Transformers
mnistvit / README.md
asnelt's picture
Convert model to bfloat16 and add GitHub link
106c18e verified
---
license: mit
datasets:
- mnist
metrics:
- accuracy
---
# Model Card for mnistvit
A vision transformer (ViT) trained on MNIST with a PyTorch-only implementation,
achieving 99.65% test set accuracy.
## Model Details
### Model Description
The model is a vision transformer, as described in the original
Dosovitskiy et al., ICLR 2021 paper.
- **Developed by:** Arno Onken
- **Model type:** Vision Transformer
- **License:** MIT
### Model Sources
- **Repository:**
[https://github.com/asnelt/mnistvit/](https://github.com/asnelt/mnistvit/)
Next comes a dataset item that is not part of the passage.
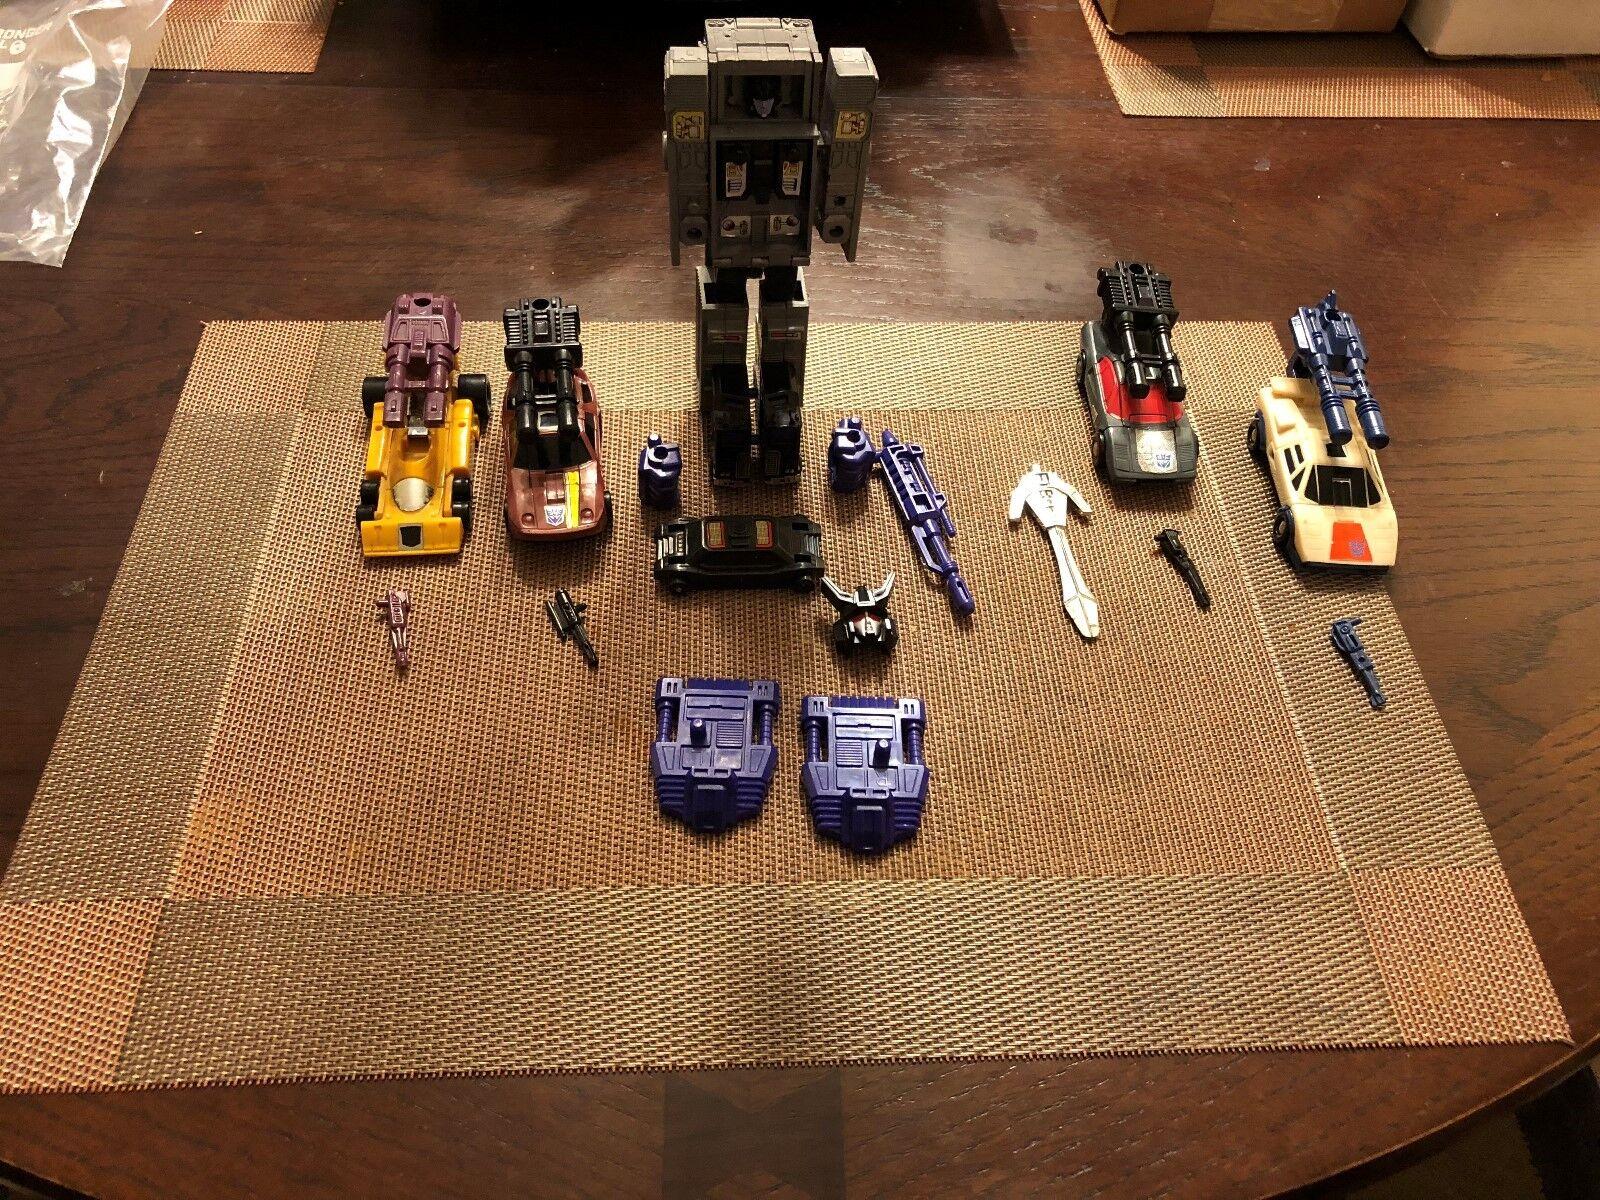 Vintage  1986 Transformers G1 Hommesasor stunticons en bon état  profitez de 50% de réduction

- **Python Package Index:**
[https://pypi.org/project/mnistvit/](https://pypi.org/project/mnistvit/)
- **Paper:** [Dosovitskiy et al., ICLR 2021](https://openreview.net/forum?id=YicbFdNTTy)
## Uses
The model is intended to be used for learning about vision transformers. It is small
and trained on MNIST as a simple and well understood dataset. Together with the
mnistvit package code, the importance of various hyperparameters can be explored.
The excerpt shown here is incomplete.